AWS offers service endpoints that use cryptographic modules compliant with Federal Information Processing Standards (FIPS) rather than standard SSL for communication. If the purposes of your Glue usage must meet such a standard, Glue offers FIPS-compliant endpoints for all North American regions, including GovCloud ones.

Development endpoint connections

Glue offers development endpoints, (https://docs.aws.amazon.com/glue/latest/dg/dev-endpoint.html), which can be used to create a static development environment in the cloud that users can log into and use to develop and test scripts for ETL jobs. Development endpoints can be accessed via SSH and do not support authentication through a user/password combination – only SSH keys are supported. The use of SSH for communication also ensures all traffic between your local computer and the development endpoint is encrypted.

When creating a development endpoint, you must provide one or more public keys. These will be used to authenticate users logging in. If the development endpoint is going to be shared among several users, it is within best practices to create individual key pairs for each one and pass all public keys to the development endpoint, thus avoiding having to share SSH keys between users.

Once the endpoint is up and running, the UpdateDevEndpoint API call allows you to add new keys and delete unused ones. Reviewing and rotating SSH keys is a good practice that will prevent unwanted access to the development endpoint.

With this, we’ve covered all aspects of encryption in AWS Glue. In the next section, we’ll discuss network security, which handles the security of all communications happening between Glue resources and external ones.

Network

Even though AWS Glue is a serverless service, understanding its network infrastructure and how it connects to resources is a critical part of guaranteeing your data’s security and your organization’s compliance. By default, Glue will always attempt to use the less public route to direct network traffic. However, it is crucial to understand how this routing works to avoid public calls that could compromise your information.

Glue network architecture

Much like with other AWS services, all AWS Glue resources are stored and executed in internal AWS accounts that are not accessible or part of any public infrastructure. This includes your Data Catalog, crawlers, ETL jobs, development endpoints, triggers, and workflows. This is shown in the following diagram:

Figure 8.1 – AWS resources within the AWS cloud

If a Glue resource needs access to an S3 location, this communication happens privately and internally through the AWS infrastructure, as shown in the following diagram:

Figure 8.2 – AWS resources communicating through the AWS cloud

However, connecting to any other resource will require Glue to set up a bridge between its internal infrastructure and your AWS VPC. To make this happen, whenever a Glue resource is in execution, Glue will create Elastic Network Interfaces (ENIs) in your VPC and attach them to the nodes running your Glue resource – a process known as requester-managed network interfaces (https://docs.aws.amazon.com/AWSEC2/latest/UserGuide/requester-managed-eni.html).

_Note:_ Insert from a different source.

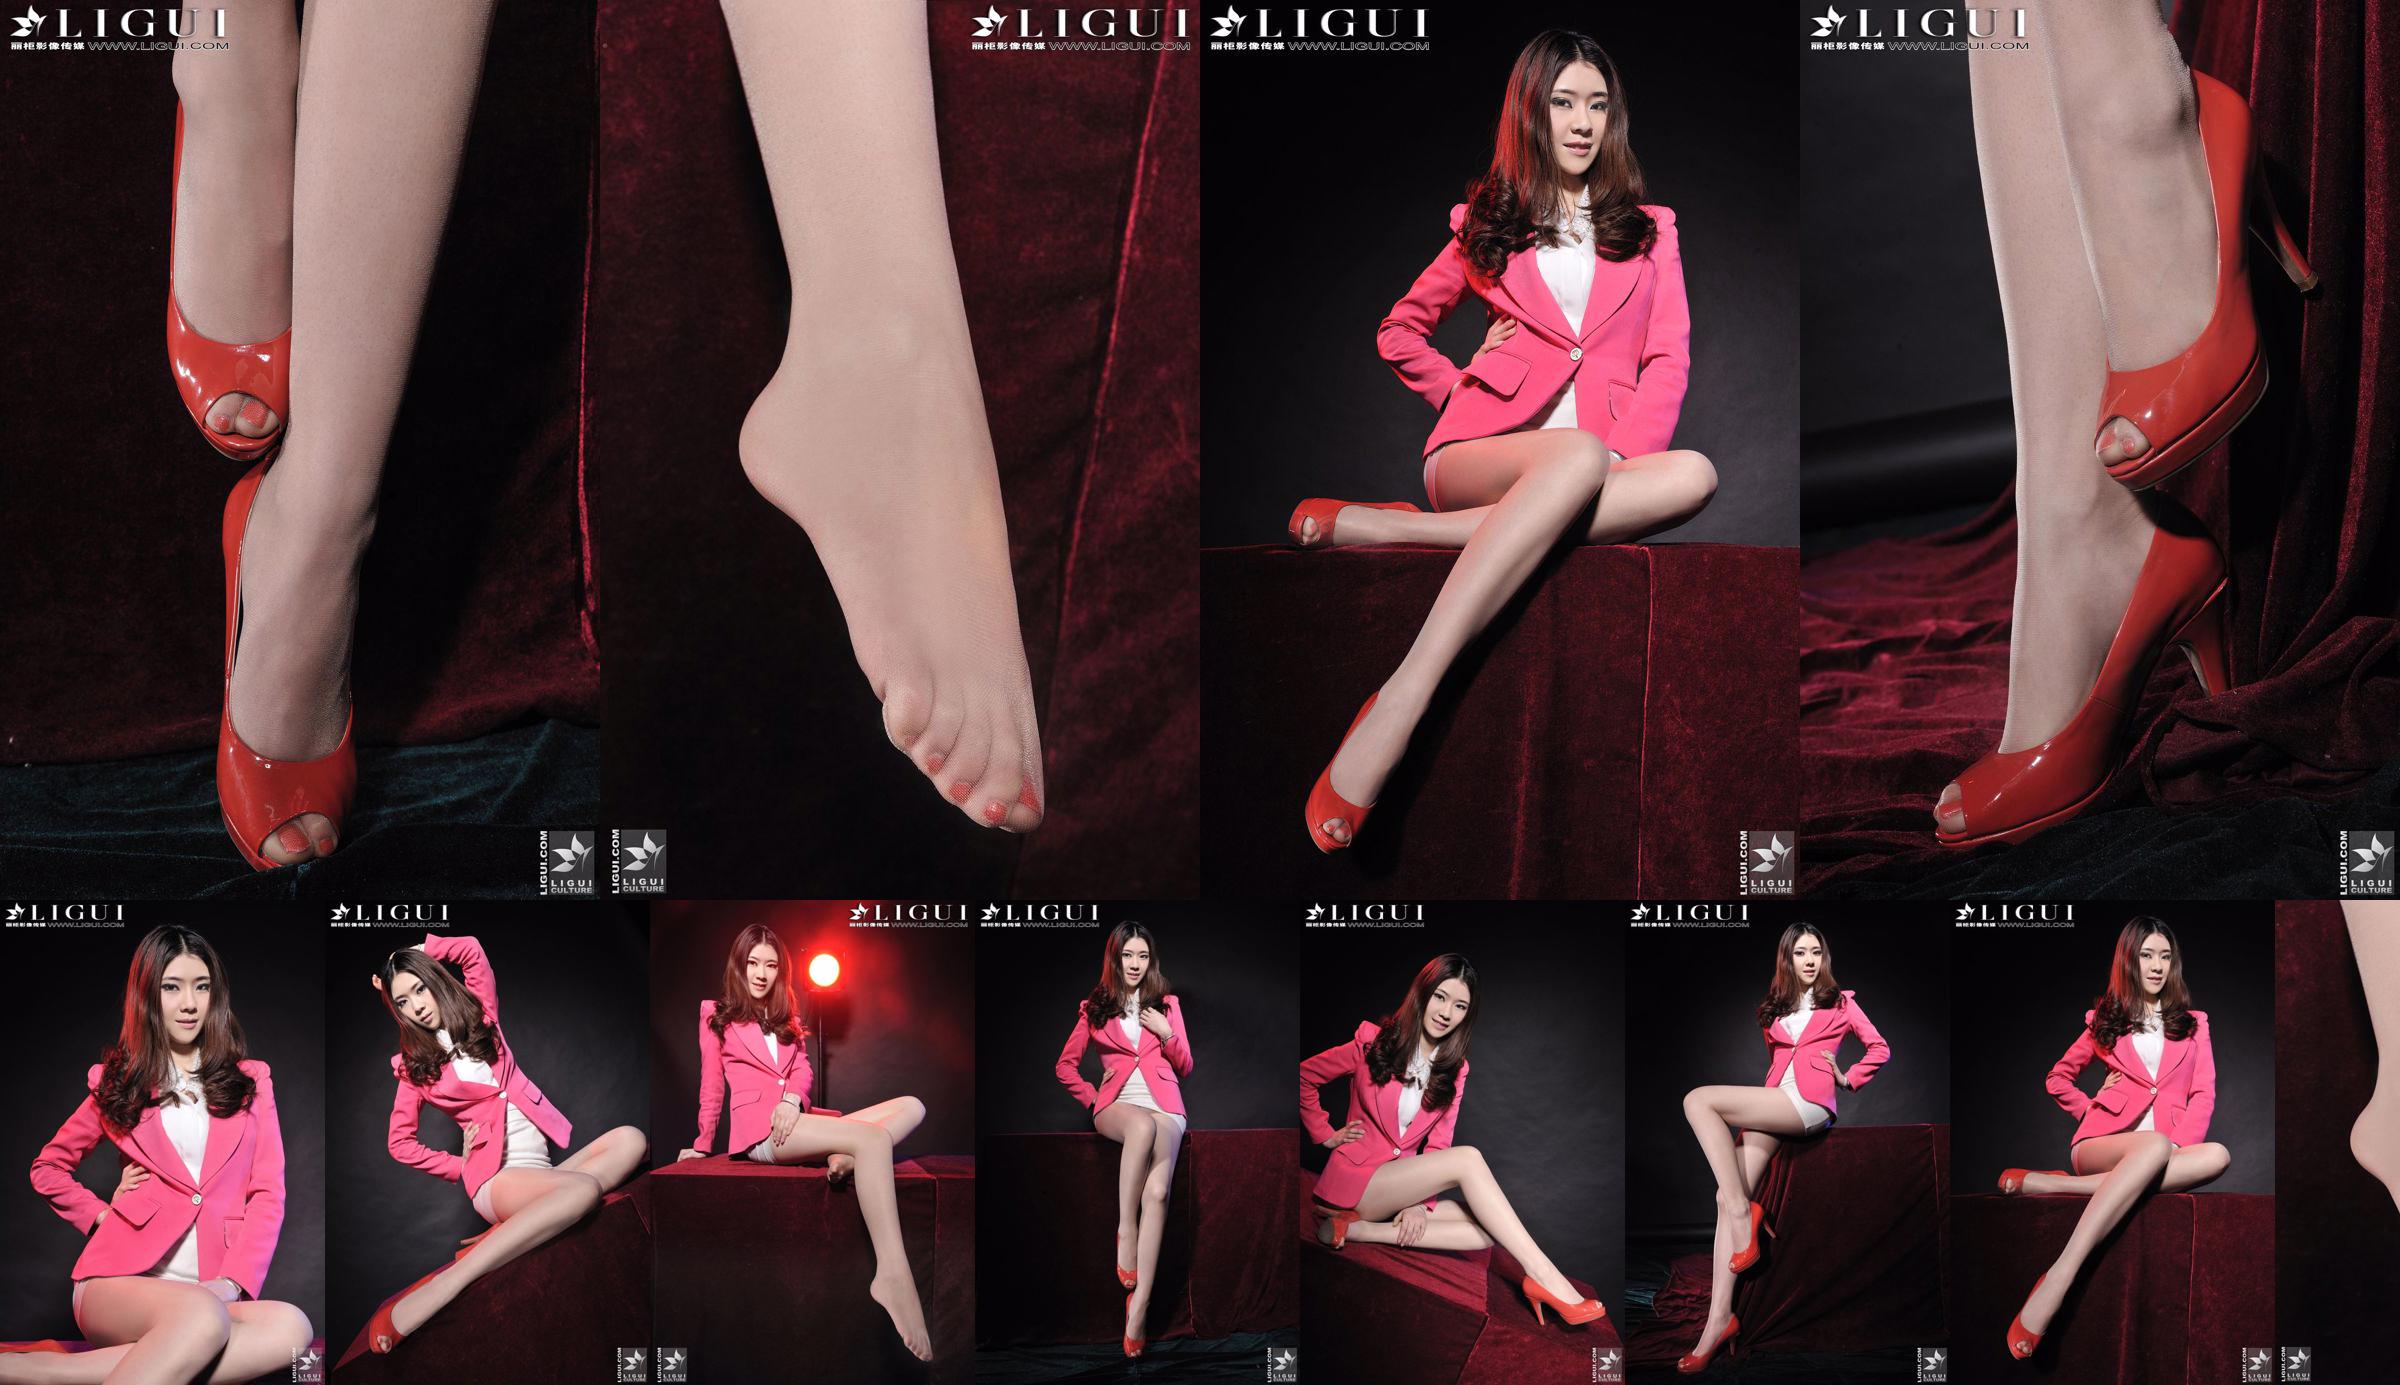 モデルチェンチェン「赤いハイヒールガール」[丽柜LiGui]美しい脚と翡翠の足の写真写真 No.74d6c5 ページ1

Let’s say you want to run a crawler to automatically detect the schema of your MySQL database, which is running in an EC2 instance in your account. Since you followed security best practices, this EC2 instance is running in a private subnet within your VPC, which means it is not accessible over the public internet. When you run your Glue crawler, Glue will create ENIs in your VPC, assign private IP addresses to them, and attach them to the nodes that execute the crawler process in the internal AWS infrastructure. Once the crawler finishes running, the ENIs will be detached and deleted, and their IP addresses will be released. The following diagram shows how this works:

Figure 8.3 – AWS resources communicating with resources in a user’s VPC

This process allows Glue to securely and privately connect to other resources in your AWS account without ever leaving the internal AWS infrastructure. To carry it out, though, Glue will need several parameters, such as the location of your database (VPC and subnet), proper security clearance to access it (security groups), and a way to authenticate within your database. All these parameters are supplied as part of a Glue connection.

Glue connections

A Glue connection is a set of configuration parameters that define the location and way of accessing an external resource so that Glue can automate its access. These parameters include the following:

VPC and subnet combination.
One or more security groups.
If authentication is required, all the necessary parameters for it. These include the following:
- The JDBC URL, which can include parameters to be passed onto the database
- Username and password combination

When creating a Glue connection, you must also specify its type. There are as many types as there are supported connection targets:

JBDC: Connects to a relational database that supports JBDC
MongoDB: Connects to a MongoDB or DocumentDB cluster
Kafka: Connects to an Apache Kafka cluster

In addition to the previous types, there are also three special connection types:

Network: This connection will simply specify a VPC and subnet without any other parameters. This is designed to route connections through a VPC rather than connecting to a specific resource within it.
Marketplace: This connection specifies parameters for connectors that have been obtained through the AWS marketplace.
Custom: This connection specifies parameters for custom connectors that have been created by you.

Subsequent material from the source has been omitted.